Thousands of Guatemalans face these dangers every year in search of a better life. The US Migration Policy Institute (MPI) estimates that there were 1.3 million Guatemalan migrants residing in the United States in 2020, more than half of them illegally. This lack of legal status often leads migrants to submit to highly precarious working conditions and leaves them in a permanent state of fear of arrest, deportation and loss of accumulated wealth.

Unlike migrants from other countries who come to the United States fleeing violence, migrants from Guatemala are primarily driven by economic factors. The monthly minimum wage for non-agricultural work in Guatemala is equivalent to US$353, while the cost essential food stuffs alone is estimated at US$375. Only 17 per cent of private employees in the country earn above this amount, while only 35 per cent of wage earners are covered by social security - just 18 per cent of the country’s total employed population.

This situation is exacerbated by the virtual absence of trade unions and collective bargaining in private companies

Countries with higher levels of social development are able to guarantee access to education and health care. Guatemalans have difficulty accessing both.

Only one in four adolescents (aged 15-18) has access to secondary education and 82 per cent of those who are enrolled study in private schools. Meanwhile, 26 per cent of young people aged 15 to 29 neither study nor work. When it comes to healthcare, the picture is similarly bleak: public health spending is the third lowest in Latin America (barely 2 per cent of GDP). In practice, 62 per cent of the country’s total health spending comes directly out of the pockets of its citizens. To further complicate matters, remittances from abroad, which play a major role in reducing or alleviating poverty in other Latin American and Caribbean countries, only reached around 126,000 families in Guatemala in 2021.

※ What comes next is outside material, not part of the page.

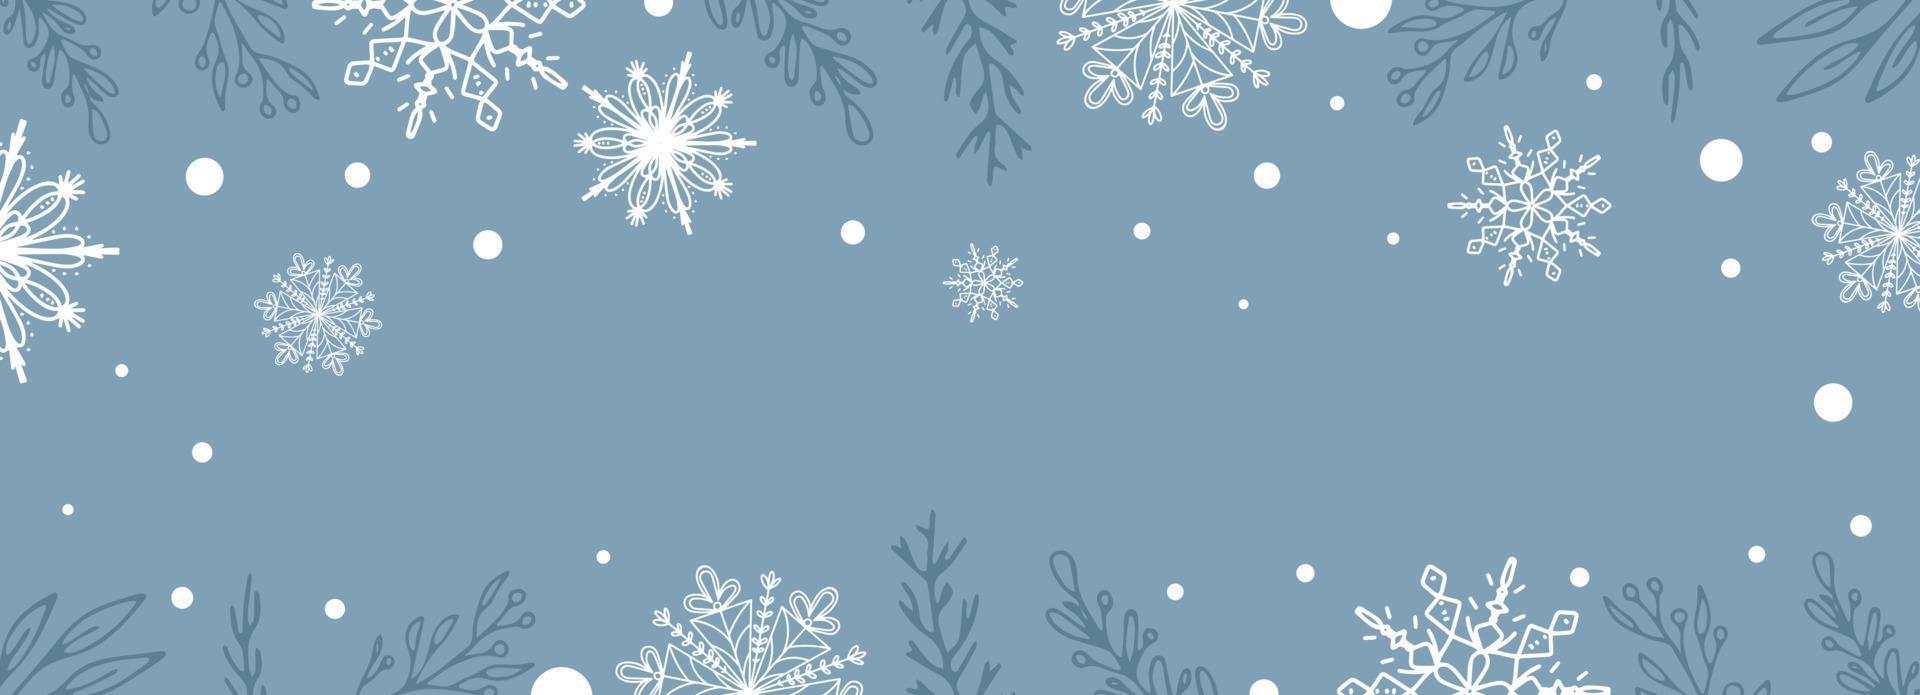 skön uppsättning av vit botanisk element jul träd, bär för vinter- design. samling av jul ny år element. frysta silhuetter av kristall kvistar på en blå bakgrund. vektor

The difference between the income that Guatemalans can earn in Guatemala versus what they can earn in the United States is abysmal. According to the testimony of a Guatemalan resident of Chicago reported by the daily Prensa Libre: “In Guatemala you live to work; in the United States you work to live”.

The figures speak for themselves: in 2018, farm labourers in the US earned around US$12 per hour. By working eight hours a day for 25 days, they could thus earn US$2,400 a month. Another report from 2022 indicates that hotel maids could earn US$15.25 per hour. Both salaries are unthinkable in the Central American country.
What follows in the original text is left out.